The death of 49-year-old Herzberg may be unremarkable on the scale of traffic accident statistics, but as scrutiny of the technology intensifies, and public opinion cools, it may delay what once seemed an inevitable march towards the adoption of autonomous cars.

Uber self-driving car fatal crash: Arizona police release shocking dash cam video

For those in the know, that will come as no surprise. Uber’s own data reveals how far its driverless cars really are from taking over from humans.

A document leaked a year ago revealed that the average distance Uber’s driverless test cars could manage before a backup driver was forced to intervene was just 0.8 miles. During a week in 2017 in which Uber’s 43 test cars in Pittsburgh drove more than 20,000 miles, drivers intervened on 25,000 occasions.

For a time Uber was banned from testing its driverless Volvos in San Francisco, which is one reason it decamped to Arizona, where regulation is looser — though tests in California later resumed.

Christian Wolmar, the author of Driverless Cars: On a Road to Nowhere, points out that Uber has led the charge towards autonomy, believing it offers a cheaper and safer alternative to human drivers.

“In January 2015 the company claimed that entirely autonomous taxis would be available in 2018 and [bosses expected] Uber’s fleet to be entirely driverless by 2030. In reality, the performance [of its cars] demonstrates just how far away full-scale autonomy is.”

Could the backup driver in the Uber car that struck Herzberg have intervened earlier?
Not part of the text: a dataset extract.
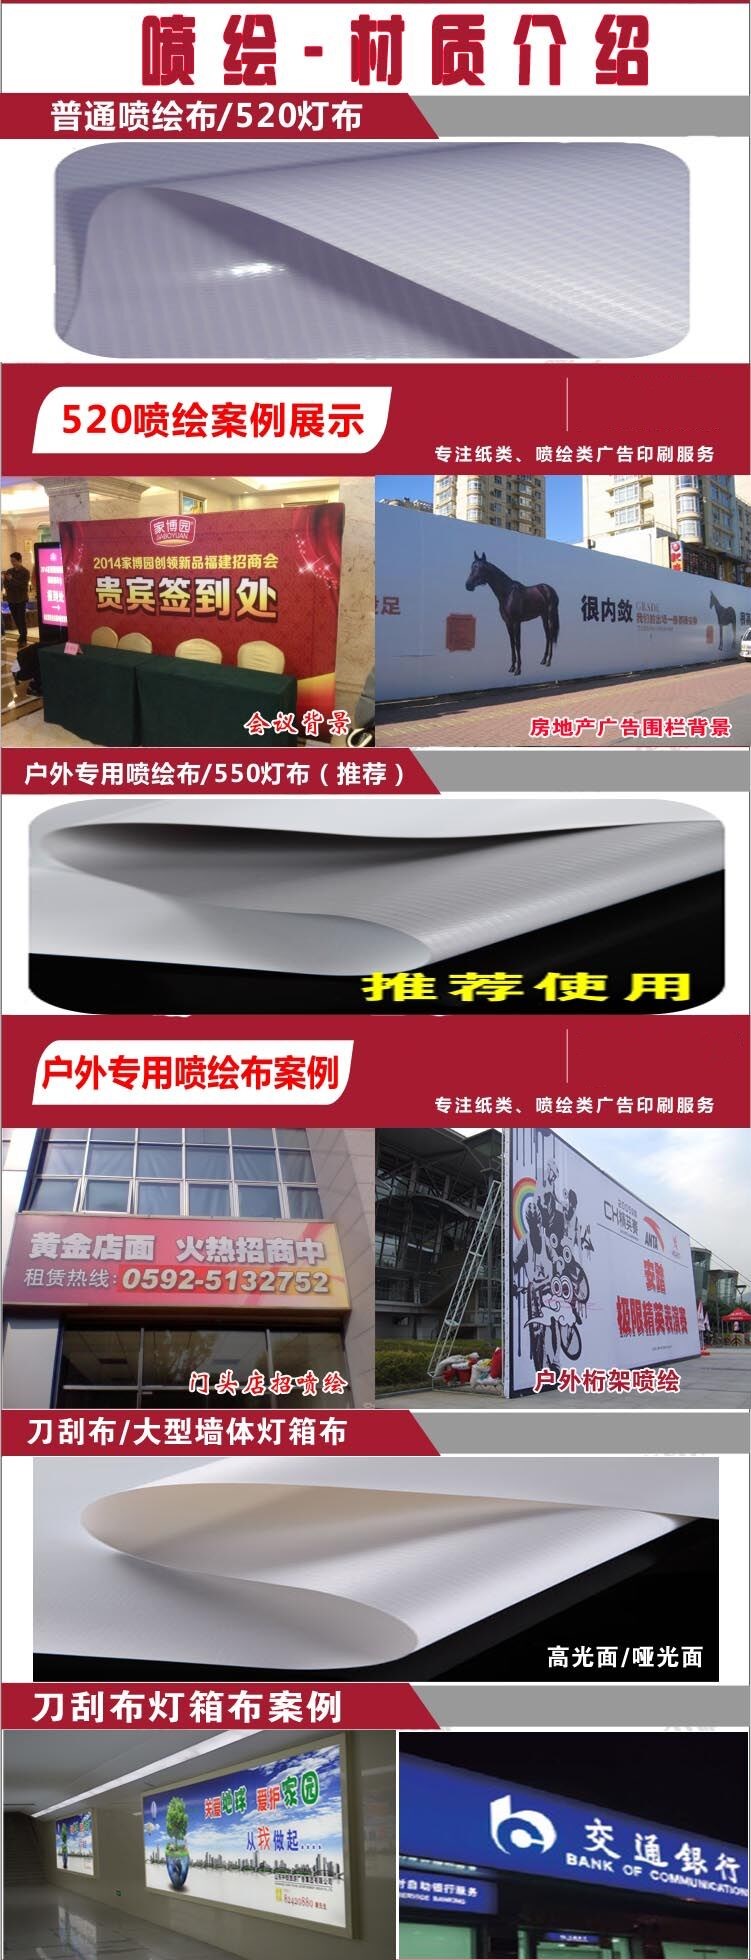 武漢廣告牌制作|廣告牌設計|戶外廣告牌|戶外廣告牌|戶外廣告公司|戶外廣告設計|噴繪寫真制作

Interior video footage suggests she had taken her eyes off the road shortly before the collision. Was the autonomous system at fault?

“It’s easy to take for granted just how incredibly good humans are at driving”

Driverless cars have been “just round the corner” for more than a century. Proponents say they ease jams and cut the risk of collisions because they are interconnected and can talk to one another, freeing up road space and keeping vehicles a safe distance apart. But nobody has yet been able to come up with a solution that improves on you.

It’s easy to take for granted just how incredibly good humans are at driving. How, each day, millions of us stream into cities, filtering into narrow streets, squeezing past parked vans, navigating round potholes and nudging through nose-to-tail traffic, according to — usually — unspoken but readily understood rules of fairness.

We can spot a headphones-wearing pedestrian who’s about to step into a busy road; a wavering driver set to swerve into our lane; or red brake lights that signify a hold-up far down the road.

And we’re so good that things rarely go wrong: there’s only one crash involving even a slight injury for every 2m miles driven in Britain, according to 2016 statistics from the Department for Transport.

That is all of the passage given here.